SECURITIES AND EXCHANGE COMMISSION
                        WASHINGTON, D.C. 20549

                            AMENDMENT 1 TO
                              FORM 10-Q

 [x] Quarterly Report Pursuant to Section 13 or 15(d) Securities
Exchange Act of 1934 for Quarterly Period Ended June 30, 2011
-OR-

[ ] Transition Report Pursuant to Section 13 or 15(d) of the
Securities And Exchange Act of 1934 for the transaction period from
_________ to________

                     Commission File Number 333-169732

                    Original Source Entertainment, Inc.
                 (Exact name of Registrant in its charter)

               Nevada                          27-0863354
    (State or other jurisdiction           (I.R.S. Employer
  of incorporation or organization)      Identification number)

   8201 S. Santa Fe Drive #229, Littleton, CO         80120
    -----------------------------------------      ----------
   (Address of Principal Executive Offices)        (Zip Code)

Registrant's Telephone Number, Including Area Code: (303) 495-3728

Indicate by check mark whether the issuer (1) filed all reports
required to be filed by Section 13 or 15(d) of the Securities Exchange
Act of 1934 during the preceding 12 months (or for such shorter period
that the registrant was required to file such reports), and (2) has
been subject to such filing requirements for the past 90 days.
Yes [X] No [ ]

Indicate by check mark whether the registrant has submitted
electronically and posted on its corporate Web site, if any, every
Interactive Data File required to be submitted and posted pursuant to
Rule 405 of Regulation S-T (section 232.405 of this chapter) during the
preceding 12 months (or for such shorter period that the registrant was
required to submit and post such files).   Yes [ ]   No [ ]

Indicate by check mark whether the registrant is a large accelerated
filer, an accelerated filer, a non-accelerate filer, or a small
reporting company as defined by Rule 12b-2 of the Exchange Act):

Large accelerated filer [ ]     Non-accelerated filer     [ ]
Accelerated filer       [ ]     Smaller reporting company [X]
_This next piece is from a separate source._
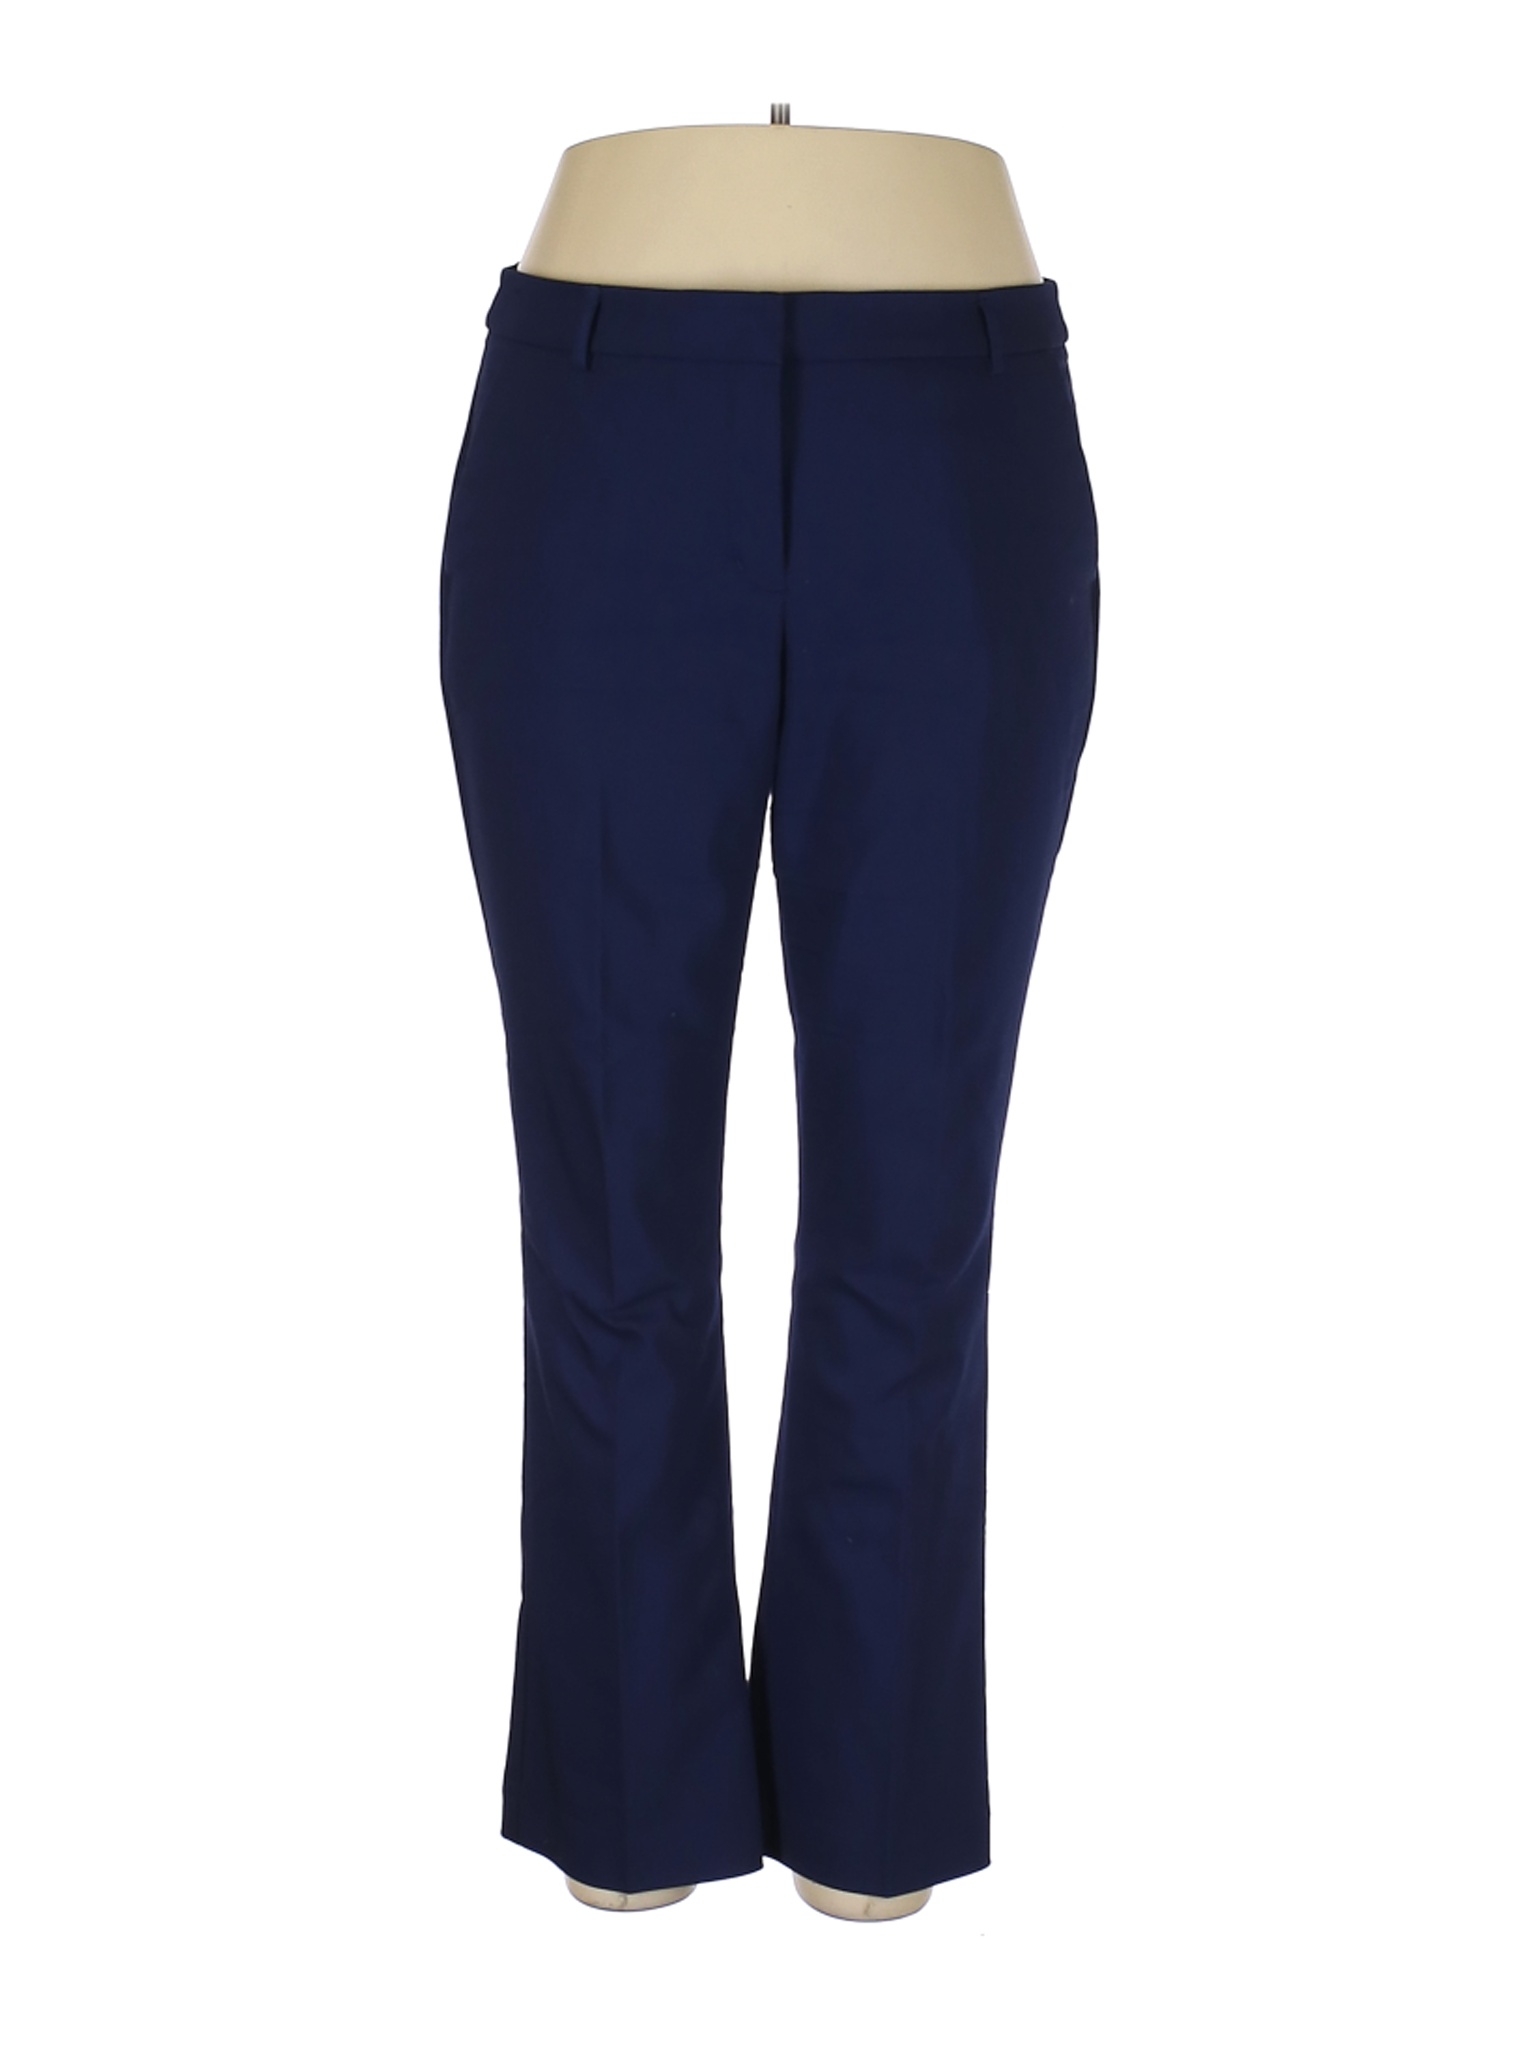 Express Women Blue Dress Pants S | eBay

Indicate by check mark whether the registrant is a shell company (as
defined in Rule 12b-2 of the Exchange Act).  Yes [ ] No [X]

The number of outstanding shares of the registrant's common stock,
September 6, 2011:  Common Stock - 4,500,000



2

                        Explanatory Note

This Amendment 1 to the Form 10-Q for the quarter ended June 30, 2011 of the
registrant, originally filed with the Securities and Exchange Commission on
August 22, 2011 amends the original Form 10-Q in the manner described below.

Amendment 1 is being filed solely to attach the XBRL exhibits.

Pursuant to SEC rules, we have included currently-dated certifications from
our chief executive officer and our chief financial officer as required by
Sections 302 and 906 of the Sarbanes-Oxley Act of 2002.

SIGNATURES

Pursuant to the requirements of the Securities Exchange Act of 1934, the
registrant has duly caused this report to be signed on its behalf by the
undersigned thereunto duly authorized.

Dated: September 6, 2011

ORIGINAL SOURCE ENTERTAINMENT, INC.

By: /s/ Lecia L. Walker
---------------------------
Lecia L. Walker, Chief Executive Officer, Principal Financial Officer

Exhibits

    Exhibit 31 - Certifications pursuant to Section 302 of the Sarbanes-Oxley
Act of 2002
    Exhibit 32 - Certifications pursuant to Section 906 of the Sarbanes-Oxley
Act of 2002
    101.INS**   XBRL Instance Document
    101.SCH**   XBRL Taxonomy Extension Schema Document
    101.CAL**   XBRL Taxonomy Extension Calculation Linkbase Document
    101.DEF**   XBRL Taxonomy Extension Definition Linkbase Document
    101.LAB**   XBRL Taxonomy Extension Label Linkbase Document
    101.PRE**   XBRL Taxonomy Extension Presentation Linkbase Document
All above mentioned exhibits filed herewith
**XBRL (Extensible Business Reporting Language) information is furnished and
not filed or a part of a registration statement or prospectus for purposes of
Sections 11 or 12 of the Securities Act of 1933, as amended, is deemed not
filed for purposes of Section 18 of the Securities Exchange Act of 1934, as
amended, and otherwise is not subject to liability under these sections.